Петер ехал в Баина-Башту на автобусе компании «Ласта», слушая радио, и пришел к выводу, что сербские песни по большей части грустные, даже если слова в них веселые, а темп быстрый. Звуки растворялись в утробе полуразвалившейся колымаги, их перекрывал гомон пассажиров. Петеру вспомнилась похожая поездка из Гаваны в С., и он в который раз подумал, что его жизнь уже давно напоминает долгое путешествие сквозь литературу. От постоянных перемещений лишь усиливалось желание исследовать ту форму (душу), в которой невидимая нить соединяет внешний мир и внутренний.

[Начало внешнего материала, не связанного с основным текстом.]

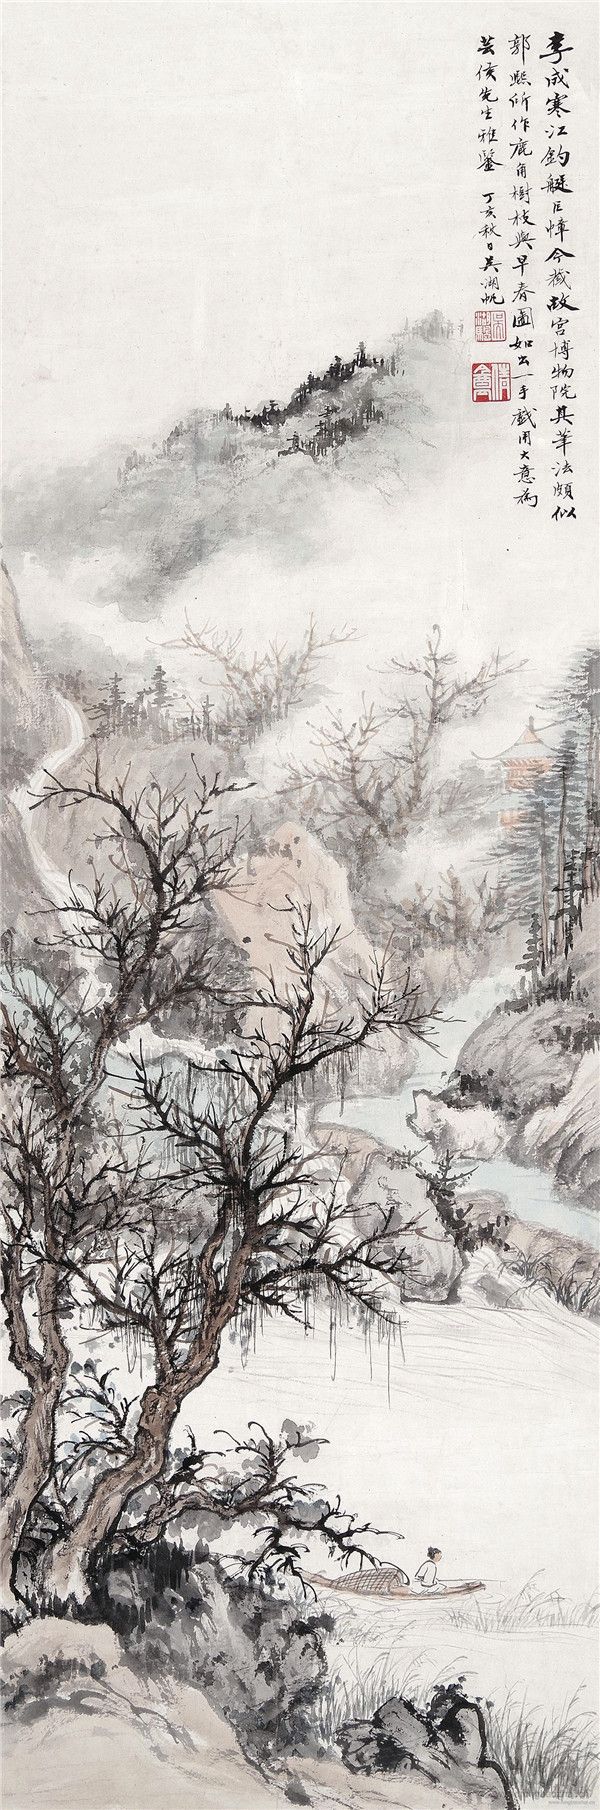 吴湖帆 1894-1968 寒江钓艇图 设色纸本 立轴 98×32.5cm 约2.9平尺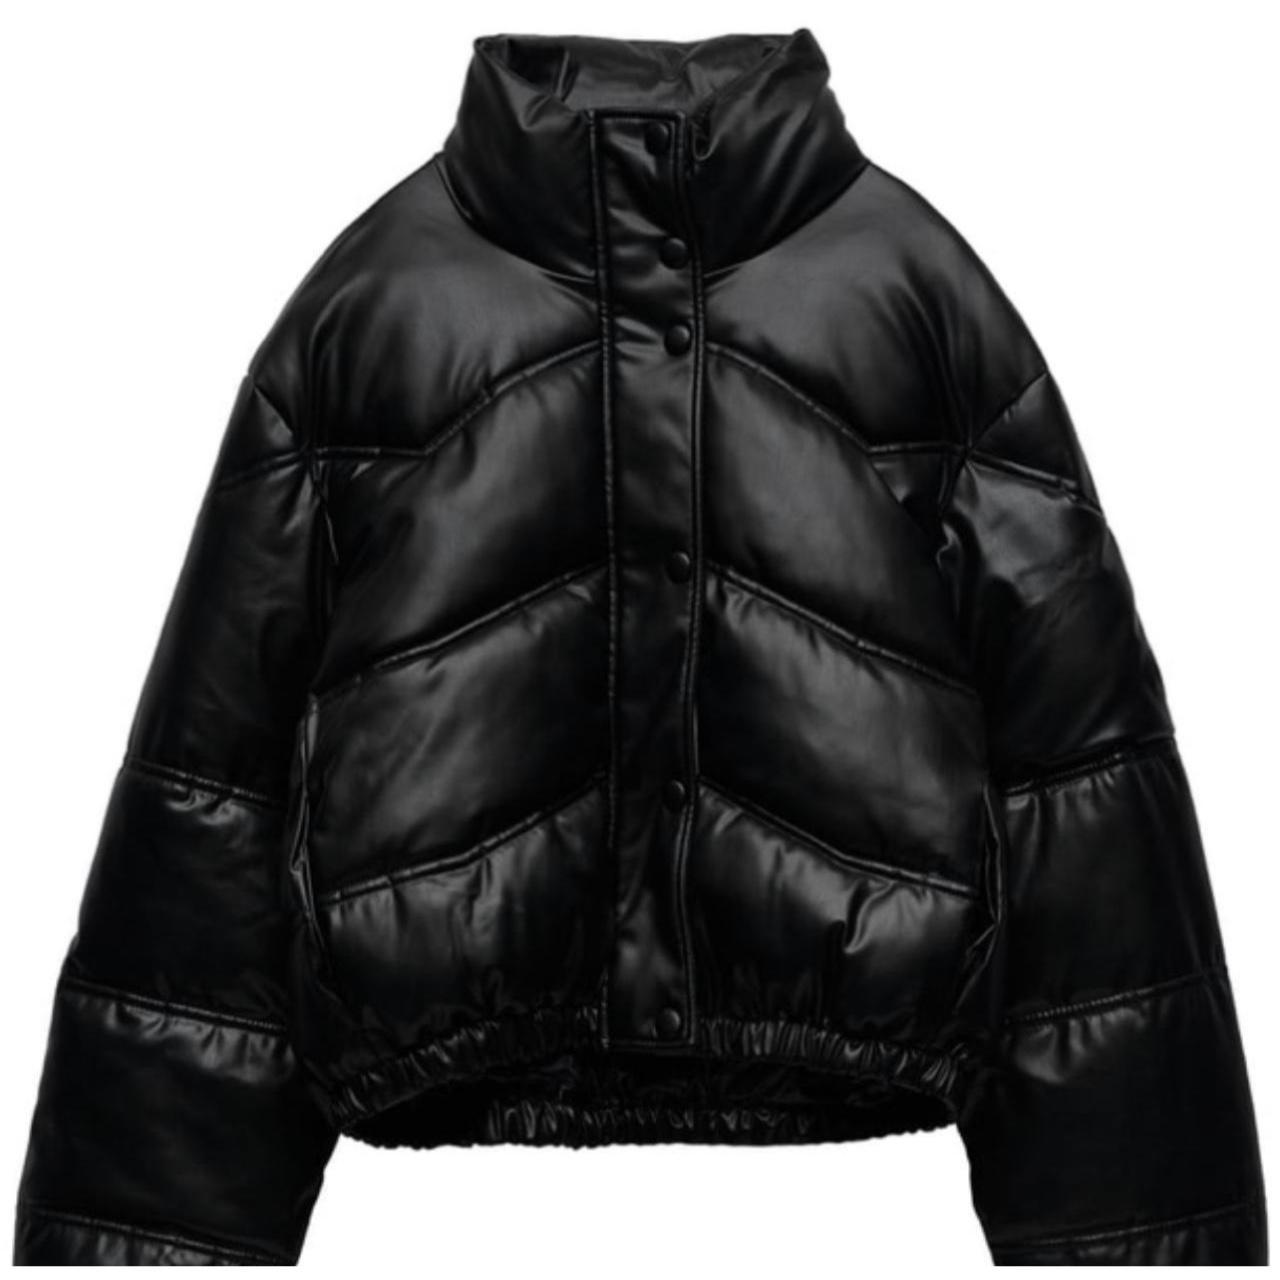 Zara faux leather puffer jacket worn once - Depop

Автобус ехал по извилистой дороге, лишь самые стойкие пассажиры могли сдержать тошноту, а Петер все сильнее ощущал близость магистральному пути Истории. Он понял, насколько опасен этот скользкий путь, и знал, что здесь ступала нога солдата, прожигая землю с юго-востока в сторону Европы и в обратном направлении, с северо-запада к юго-востоку! Секрет нашей живучести так и не разгадан до конца, и даже Петеру не удалось раскрыть его, но его сострадание к сербам было величайшим из подарков, какие иностранец только может принести в дом, который столько раз разоряли непрошеные гости и который хозяева упорно восстанавливали.
— Прошлое сделало сербов мудрыми! На этот раз мы решили, что больше не хотим быть жертвами, как в двух мировых войнах. Однако это вовсе не означает, что мы избежим этой участи. Потому нас теперь и наказывают, и за дело, и зазря! — на чистом немецком языке сказал Миломир Бабич, бывший директор гимназии Баина-Башты, принимая Петера у себя дома, — тот его внимательно слушал. — Все, что не довели до конца в 1941–1945-м — я имею в виду Ясеновац, Стари Брод, Градишку, Ядовну, где массово убивали сербов, — должно было продолжиться в девяностые.
— Погодите, а это отражено в каком-нибудь документе?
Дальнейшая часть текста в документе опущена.